(Collected data)
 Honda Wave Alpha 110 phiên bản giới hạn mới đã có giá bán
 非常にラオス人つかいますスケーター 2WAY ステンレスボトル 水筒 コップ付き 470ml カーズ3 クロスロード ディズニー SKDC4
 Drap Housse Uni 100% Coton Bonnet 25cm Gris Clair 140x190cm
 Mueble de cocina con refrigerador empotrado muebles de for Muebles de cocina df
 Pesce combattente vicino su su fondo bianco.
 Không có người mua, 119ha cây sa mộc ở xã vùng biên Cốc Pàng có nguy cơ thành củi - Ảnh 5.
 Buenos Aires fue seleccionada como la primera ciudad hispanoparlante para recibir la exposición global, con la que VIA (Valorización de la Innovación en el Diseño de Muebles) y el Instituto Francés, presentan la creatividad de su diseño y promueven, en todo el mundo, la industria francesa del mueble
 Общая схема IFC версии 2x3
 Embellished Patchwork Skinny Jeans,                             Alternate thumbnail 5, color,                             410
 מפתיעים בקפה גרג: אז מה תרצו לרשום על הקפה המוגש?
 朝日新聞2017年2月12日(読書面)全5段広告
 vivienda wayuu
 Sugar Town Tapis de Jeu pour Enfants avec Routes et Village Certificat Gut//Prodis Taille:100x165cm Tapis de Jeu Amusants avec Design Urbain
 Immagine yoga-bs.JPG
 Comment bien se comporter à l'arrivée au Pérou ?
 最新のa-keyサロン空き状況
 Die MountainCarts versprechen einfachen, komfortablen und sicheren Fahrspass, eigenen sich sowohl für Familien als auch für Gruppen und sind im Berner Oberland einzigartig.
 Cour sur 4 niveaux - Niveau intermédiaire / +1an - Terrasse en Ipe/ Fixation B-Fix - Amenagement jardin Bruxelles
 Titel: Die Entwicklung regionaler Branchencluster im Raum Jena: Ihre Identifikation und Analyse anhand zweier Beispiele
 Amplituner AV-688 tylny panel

GOAL OF THE EXERCISE
Your task is to restate, word for word, the line with "מפתיעים בקפה גרג: אז" and all lines after it, ending with the last line of the data.

EXERCISE RESULT
 מפתיעים בקפה גרג: אז מה תרצו לרשום על הקפה המוגש?
 朝日新聞2017年2月12日(読書面)全5段広告
 vivienda wayuu
 Sugar Town Tapis de Jeu pour Enfants avec Routes et Village Certificat Gut//Prodis Taille:100x165cm Tapis de Jeu Amusants avec Design Urbain
 Immagine yoga-bs.JPG
 Comment bien se comporter à l'arrivée au Pérou ?
 最新のa-keyサロン空き状況
 Die MountainCarts versprechen einfachen, komfortablen und sicheren Fahrspass, eigenen sich sowohl für Familien als auch für Gruppen und sind im Berner Oberland einzigartig.
 Cour sur 4 niveaux - Niveau intermédiaire / +1an - Terrasse en Ipe/ Fixation B-Fix - Amenagement jardin Bruxelles
 Titel: Die Entwicklung regionaler Branchencluster im Raum Jena: Ihre Identifikation und Analyse anhand zweier Beispiele
 Amplituner AV-688 tylny panel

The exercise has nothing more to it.